- Floods are the costliest natural hazard-induced disaster in the People’s Republic of China.
- Since 2018, the Asian Development Bank has been piloting innovative flash flood disaster early warning systems in the PRC.
- Disaster impacts have been significantly reduced in the PRC with the help of high-tech early warning systems designed as part of an ADB project.
Floods are the costliest natural hazard-induced disaster in the People’s Republic of China.
To respond to this, ADB in 2018 piloted innovative flash flood disaster early warning systems in the PRC.
In part 1 of this video series, we focus on how new technology has significantly reduced the disaster impacts in two provinces.
Transcript
Flash floods are a common and serious problem in the People’s Republic of China and elsewhere.
Recognizing this, more than 2,000 counties prone to flash floods have established monitoring and early warning systems in the PRC.

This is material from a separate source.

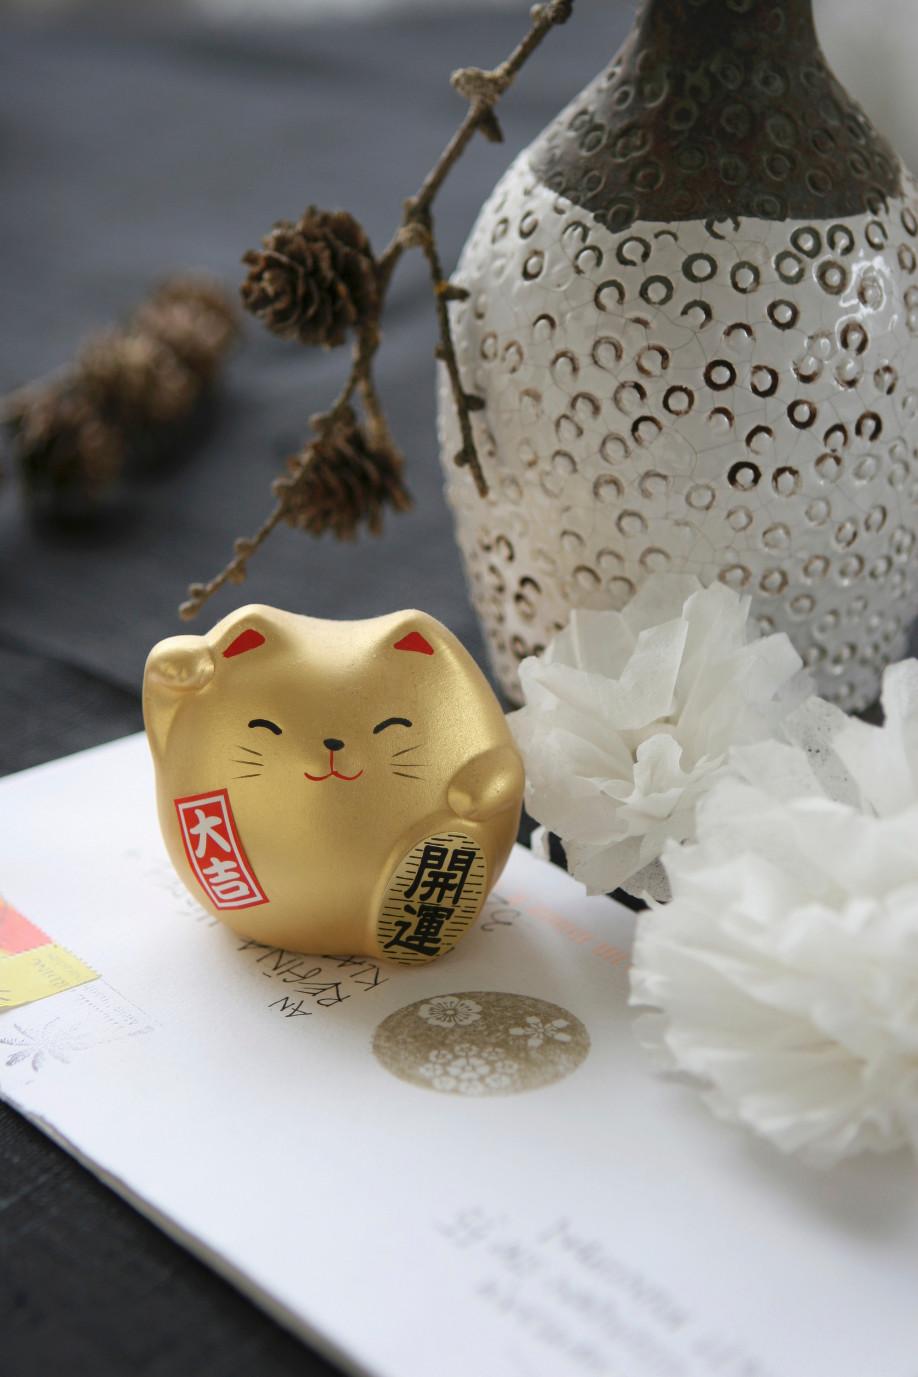 westwing-japanische-gluecksbringer-winkekatze

However, challenges remain.
Forecasts can be inaccurate and short warning lead time would result in insufficient time for evacuation.
Since 2018, the Asian Development Bank has been piloting innovative flash flood disaster early warning systems in the PRC.
The ADB project has focused on improving monitoring and early warning, and emergency responses at the community level.
Four communities were selected for the pilot project – they are in the flashflood-prone Shewei River basin and Kongmu River basin in Henan and Jiangxi provinces.
Flash flood modelling is at the core of the forecast and early warning system.
The newly developed software can integrate weather, including rainfall forecasts and real time river flow observation, to simulate and forecast the flash flood occurrence in any section of the river.
The project also developed a cloud-based platform that can access forecast and real-time rainfall and other data in the river basin from different sources.
Rainfall and water-stage monitoring stations are installed at important locations of the river basin.
These collect rainfall and water-stage information and compare the data with the built-in thresholds.
Once predefined technical parameters such as rainfall and water flow in the river exceed their thresholds, the flood model in the cloud platform will automatically start simulating the flash flood event.
The cloud platform will send alerts to those in charge of flood prevention through the early warning app.
Drawing on the combined strengths of professional facilities, skilled personnel, and community-based approach, disaster impacts have been significantly reduced.